Flatter is an ICF coach-education provider. That experience led to an unconventional insight: coaching may be one of the missing competencies in enterprise AI adoption.

A good AI Champion shouldn’t simply arrive with an answer.

They should be able to help a leader understand the desired outcome, examine the current workflow, surface friction and constraints, determine what information can responsibly be shared, consider risk and controls, and identify the smallest useful experiment.

The current AÇAI curriculum has grown into 60 instructional hours—30 live and 30 asynchronous—combining ICF Level 1-aligned coaching education with applied AI practice.

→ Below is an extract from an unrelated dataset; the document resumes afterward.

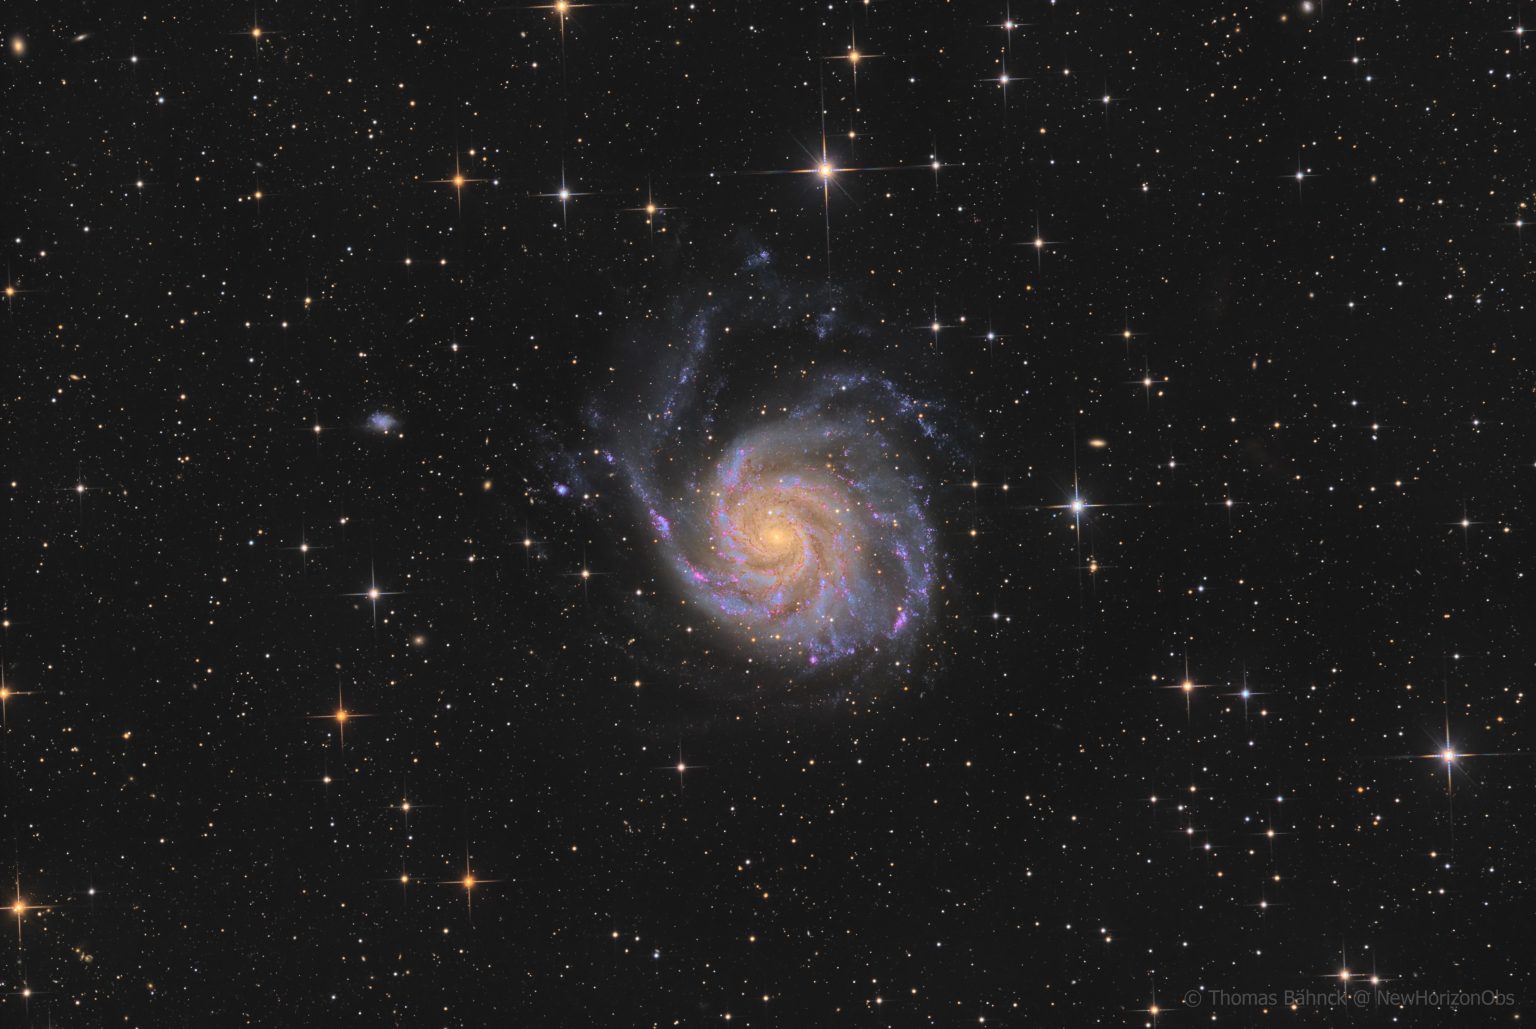 M101 - Feuerradgalaxie

Participants move from responsible AI use and coaching fundamentals into workflow analysis, automation opportunity spotting, human-AI engineering, knowledge readiness, change leadership, autonomy, governance, pilot scaling and stakeholder adoption.

A four-quadrant SWOT-style graphic for AI adoption: Strengths (AI multiplies drafts, summaries, options, and structure), Weaknesses (AI lacks human judgment and may not know truth), Opportunities (AI can improve workflows, daily work, and knowledge management), and Threats (if we do not learn and adopt, the workforce falls behind)
AÇAI's framing of AI adoption strengths, weaknesses, opportunities, and threats: “AI helps. Humans own the final call. Standing still is also a risk.”

Delayed Generation — Plan Before You Prompt

Generative AI makes producing an answer almost effortless. AÇAI teaches people not to start there.

Students learn to understand the work before generating the solution. The program’s nine-block Solution Coaching Canvas moves learners through this planning process. Built on the foundation of the Project Management Institute’s CPMAI certificate program, Business Planning and Data Planning are two of the most important phases to beginning an AI Project.

The competitive advantage of AI will not come simply from giving everyone access to the same frontier models.

It will come from developing a workforce capable of asking:

“What is the Next Safe Step?”

  • What information can safely be used?
  • What should remain human?
  • What controls are required?
  • How will we know it worked?
  • What is the Next Safe Step?

That is the workforce AÇAI is designed to develop.

AÇAI isn’t lecture-only training. Every instructional hour requires practice, application, reflection, or a tangible artifact. Participants coach, observe, experiment, analyze workflows and work through realistic cases.

PersonaOPPs provides AI-enabled role-play for selected scenarios so learners can practice consequential conversations in a controlled environment.

What’s Next

The current program combines ICF Level 1-aligned coaching education with applied AI practice and uses PersonaOPPs in selected exercises.

Flatter’s roadmap is to pursue the next evolution of the model: submission to the International Coaching Federation for recognition as a Level 1 AI specialty coaching program.

The ambition is larger than teaching people to use AI. It is about creating organizational capacity that will influence national security.